Levendige leesclub vol enthousiaste en interessante discussies
DE LEESCLUB EN HUN VERWACHTING
De leesclub bestaat uit totaal 15 enthousiaste deelnemers, inclusief de coördinator en vijf deelnemers met een eigen exemplaar. De meeste deelnemers hebben niet eerder een boek van de hand van Olga Tokarczuk gelezen. De lezers die haar werk wel kenen zijn stuk voor stuk enthousiast over haar schrijfstijl en de sublieme vertaling van Karol Lesman die ook voor eerdere boeken van Tokarczuk de vertaling verzorgde.
Toen de leesclub van start ging was nog niet bekend dat Empusion de Europese Literatuurprijs 2024 heeft gewonnen.
Voor de lezers beginnen met lezen spreken ze hun verwachting uit. Waar de ene lezer geïntrigeerd is door de opmerking ‘briljant feministisch antwoord op De Toverberg’ op de flaptekst, is dat voor de andere lezer juist een reden om het boek minder snel ter hand te nemen. Eus Wijnhoven: “Ik beschouw het als een goedkope marketingtruc en geloof niet dat Tokarczuk blij zal zijn met die typering.” Tinwara: “Ik kan altijd wel lachen om alle superlatieven die marketeers erin weten te fietsen, zoals hier 'briljant'. Ik had sowieso hoge verwachtingen van dit boek, omdat de schrijfster de Nobelprijs heeft gewonnen. Dat maakt meer indruk op me dan het 'briljant' van de uitgever.”
De lezers zijn nieuwsgierig naar hoe de auteur feminisme laat terugkomen in het boek, zeker omdat ze de indruk hebben dat de geportretteerde mannen zich vooral vrouwonvriendelijk zullen gedragen.
De vergelijking met De Toverberg van Thomas Mann schept daarnaast hoge verwachtingen bij degenen die dit boek hebben gelezen. La vida es bella: “Komt het in de buurt van De toverberg, een boek buiten categorie?”
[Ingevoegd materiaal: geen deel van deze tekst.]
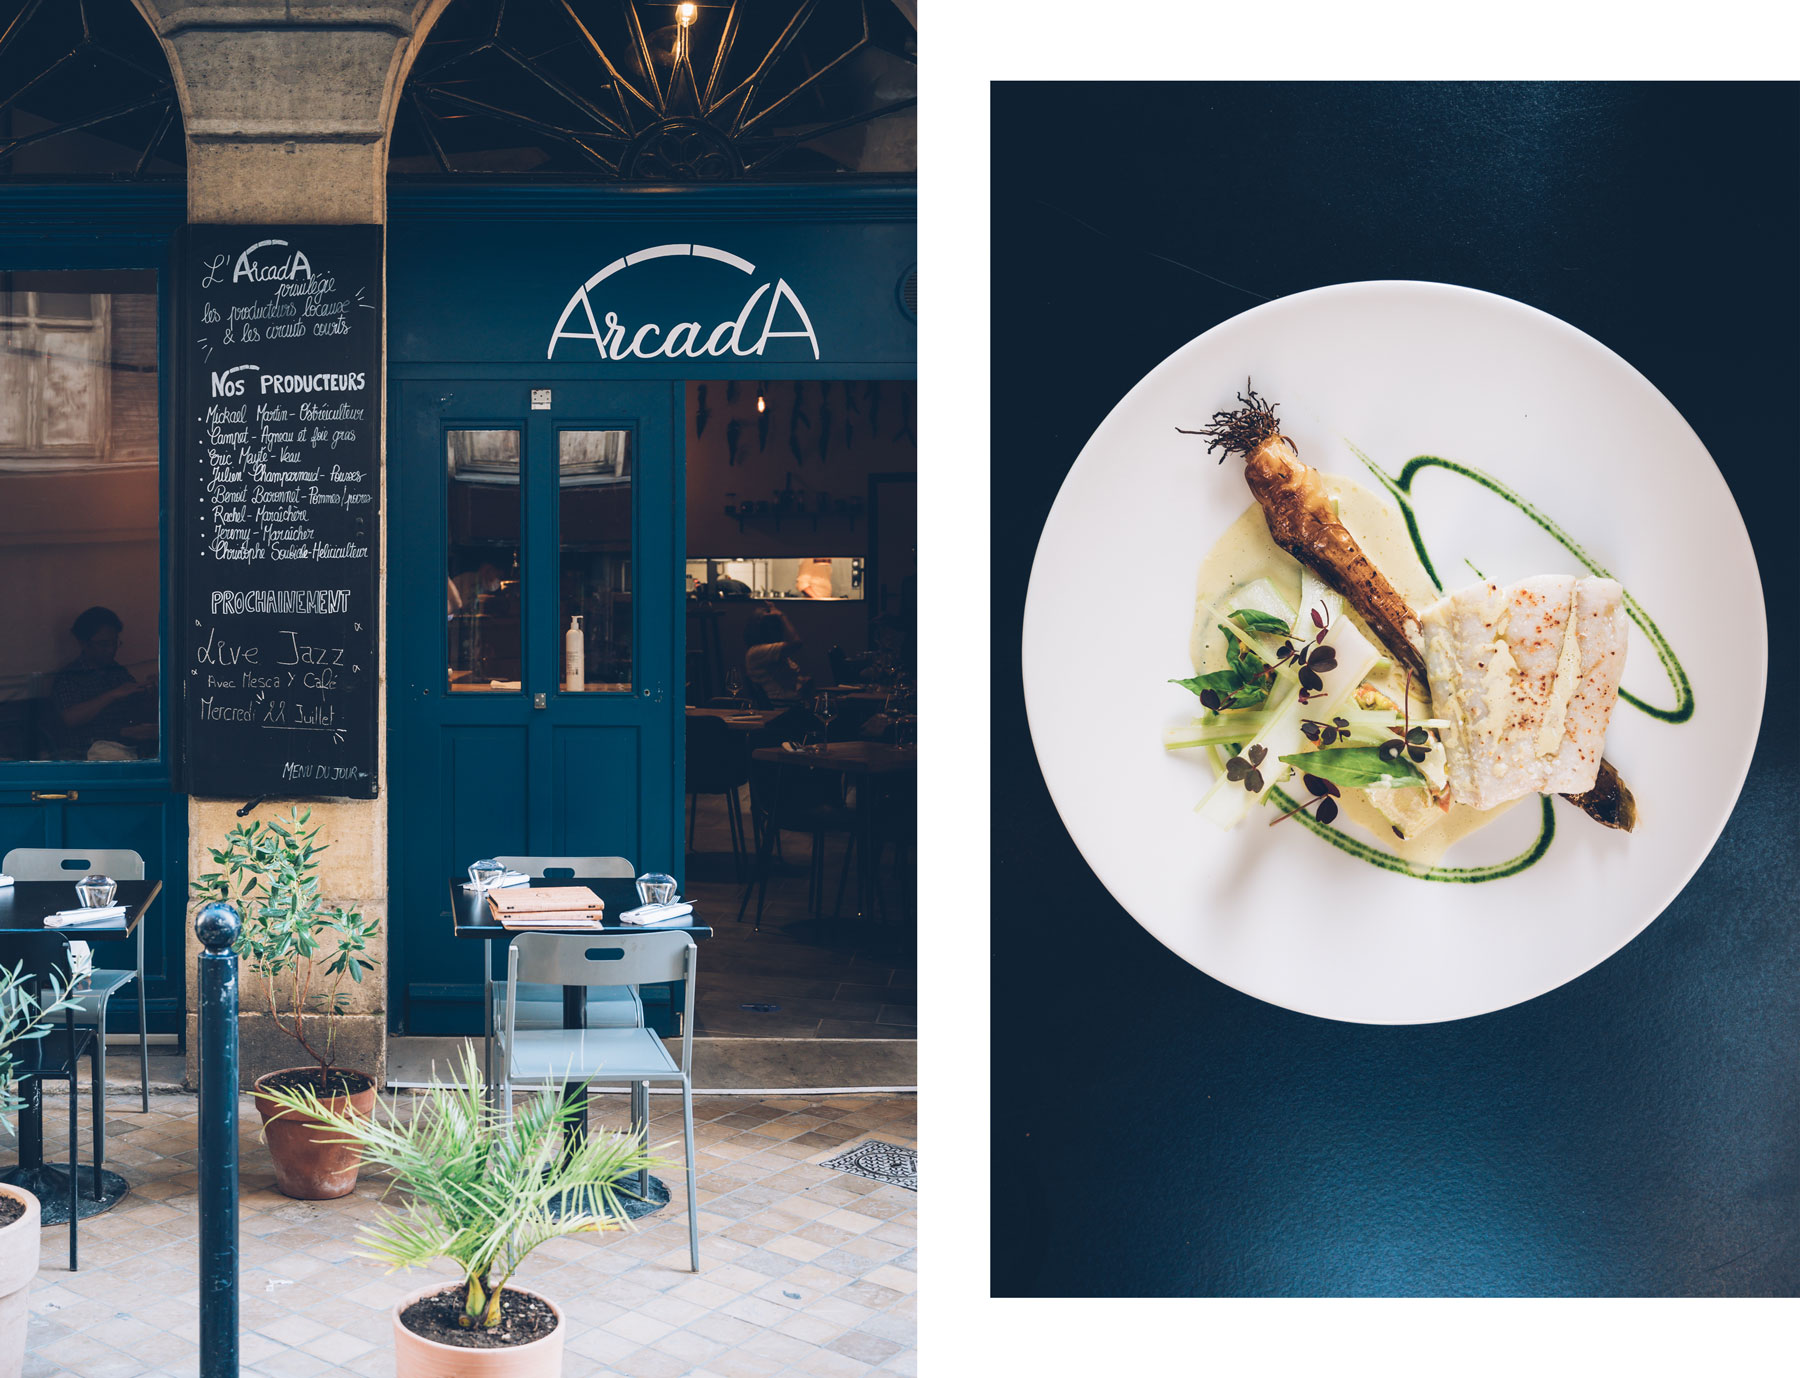 Arcada, Resto Bordeaux

Tallatal was na het lezen van de preview al enthousiast: “De taal boeide, de beeldspraak, wat we in dat kleine stukje al zagen van de personages, de sfeer, allemaal goed!” Evelien Walraven werd als liefhebber van horror vooral getriggerd door de ondertitel ‘Een natuurgeneeskundig griezelverhaal’.
DE COVER en TITEL
De handschoen op de cover zorgt voor verschillende interpretaties bij de lezers. Een interessante discussie is het gevolg. Voor de een is het een handschoen met bloedvaten, terwijl de ander er bladnerven of een ondergronds wortelstelsel in ziet. Ursula1969 vermoedt een link met de ondertitel: ”Speculerend denk ik dat de handschoen terugkomt in het griezelgedeelte van het boek.” Saskia Jacobs-Labree: “Benieuwd of we overwoekerd worden door mycelium, zwammen en andere fungus.” Martin Pruimers verwacht op zijn beurt dat het een teken is dat er in het sanatorium onfrisse dingen plaatsvinden. Het doet La vida es bella denken een scène uit De Toverberg waar Hans Castorp zijn hand in een apparaat steekt en vol bewondering het doorschijnende resultaat bewondert.
De titel is voor iedereen onduidelijk. Er wordt gegoogeld naar de betekenis van Empusion. De verwijzing naar Empousa die Saskia Jacobs-Labree vindt lijkt de meest logische: “Empousa (Oudgrieks: Ἔμπουσα) is een vrouwelijk demonisch figuur uit de oud-Griekse folklore en mythologie die zich zou voeden met mensenvlees en geassocieerd werd met de nacht.” De lezers zijn van mening dat de wraak van de overleden vrouwen die ieder jaar een mannelijk slachtoffer opeisen hiermee wel te verenigen is.
Tinwara las in een recensie dat het om een samentrekking zou gaan van empousa + symposion (samenkomst, ook in het Grieks): “Dat klonk zinnig. Een jaarlijkse samenkomst van mannenverslindende vrouwmonsters in het kuuroord :-)” Volgens de lezers een logische en houtsnijdende verklaring.
SCHRIJFSTIJL
De schrijfstijl wordt vooral omschreven als beeldend met een rijk, woordgebruik in lange alinea’s en meanderende zinnen, melancholisch, verhalend en poëtisch.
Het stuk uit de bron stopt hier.